Tentu saja upaya yang harus dilakukan tidak bisa diberantas dengan transparansi maupun memperbaiki akhlak individu pegawai pemerintah saja, namun harus direvisi secara menyeluruh penetapan hak atas tanah, menetapkan sistem administrasi yang mapan, dan menciptakan masyarakat Islam yang melahirkan individu warga hingga pejabat negara yang amanah. Yang mampu mewujudkannya hanyalah sistem Islam yakni Khilafah.
Karena Islam selalu meniscayakan adanya pengurusan urusan umat oleh penguasa.
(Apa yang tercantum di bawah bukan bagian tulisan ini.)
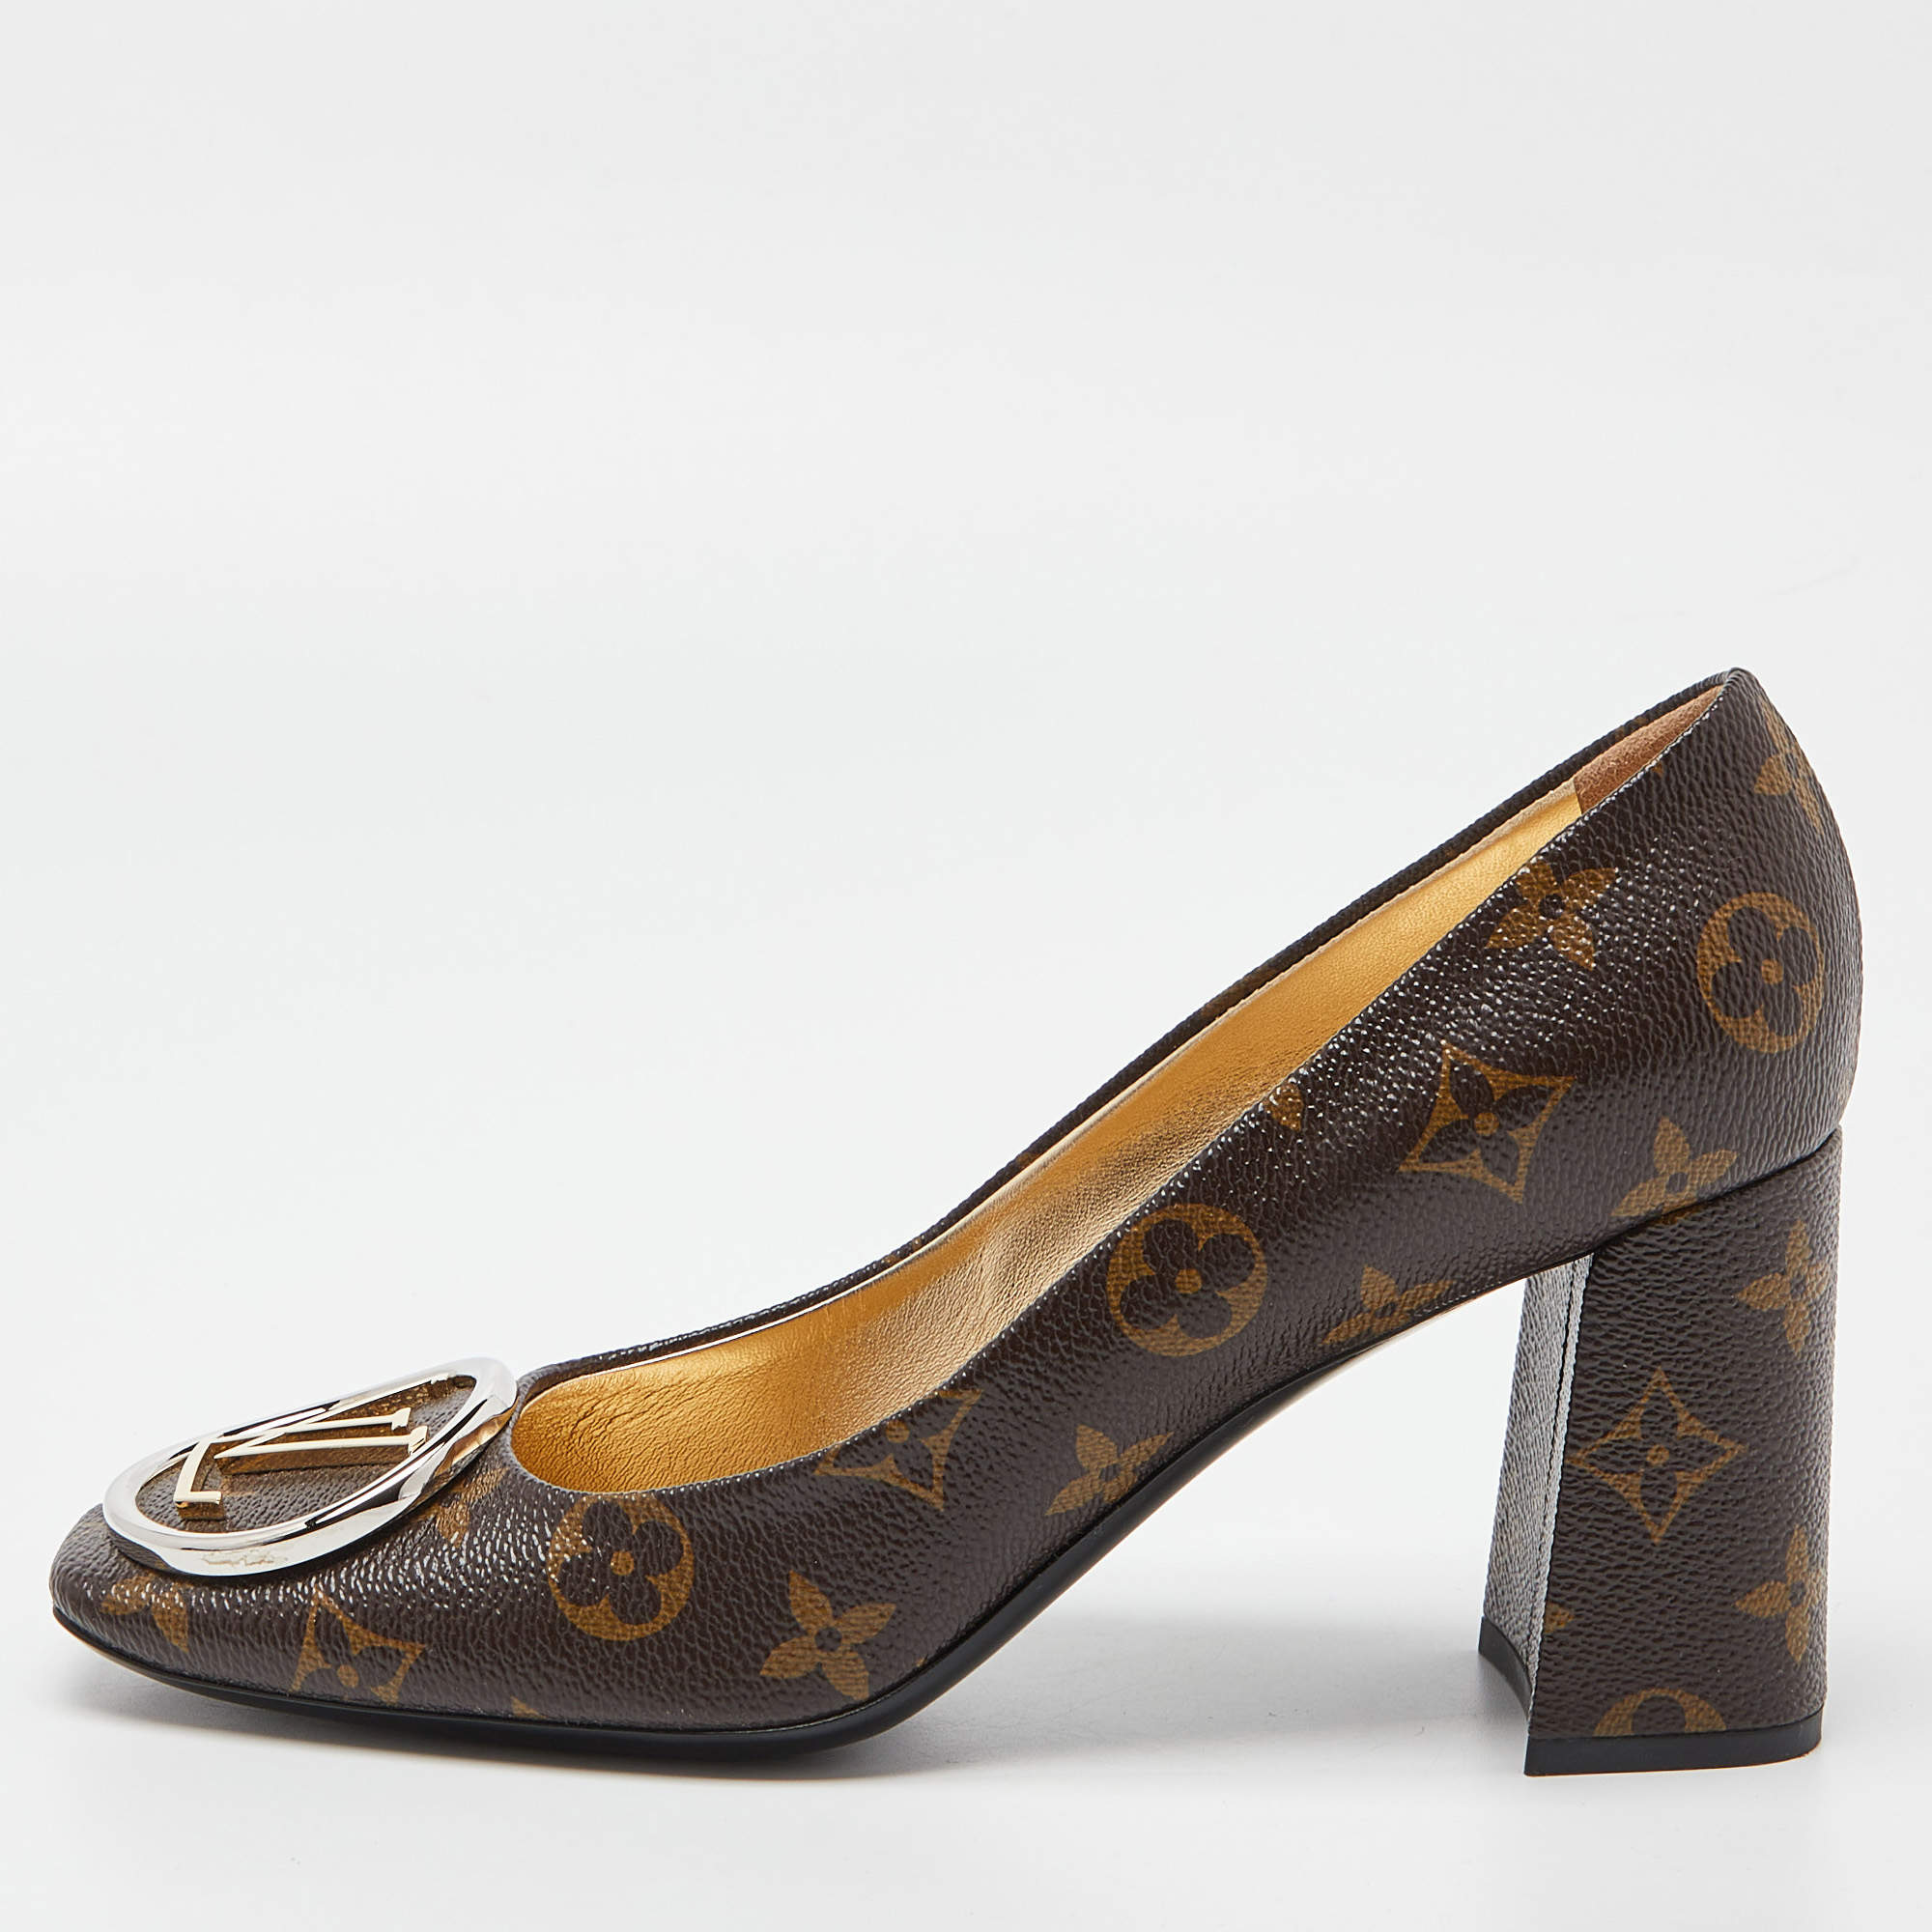 Louis Vuitton Monogram Canvas Madeleine Block Heel Pumps Size 38.5

Ini sebagaimana sabda Rasulullah saw :"Imam/Khalifah adalah pengurus dan ia bertanggung jawab terhadap rakyat yang diurusnya,"(HR.Muslim dan Ahmad). Hal ini termasuk soal pengelolaan pertanahan agar tidak terjadi sengketa di antara rakyat. Karena kebutuhan rakyat atas pengolahan dan kepemilikan tanah tidak sama.
Di dalam Islam, kepemilikan atau penguasaan tanah sejatinya didasarkan pada produktivitas tanah. Diantara sebab kepemilikan tanah yang diatur dalam Islam adalah menghidupkan tanah mati (ihyaul amwat), menghidupkan tanah berarti memakmurkannya. Menjadikan tanah layak untuk lahan pertanian, membuat bangunan di atasnya, atau apa pun yang menunjukkan bukti pemakmuran tanah.
Rasulullah Saw Bersabda :"Siapa saja yang menghidupkan tanah mati, maka tanah itu menjadi miliknya,"(HR. Ahmad).
Jika tanah dimiliki oleh orang yang lemah atau malas, tanah tersebut tidak akan dapat dikelola dengan baik, sehingga dapat mengurangi produktivitas tanah. Yang mampu berproduksi di tanah tersebut dialah yang memilikinya. Atas dasar kemampuan mengelola tanah inilah potensi sengketa tanah dapat dihindari dan menjauhkan manusia untuk saling menzalimi.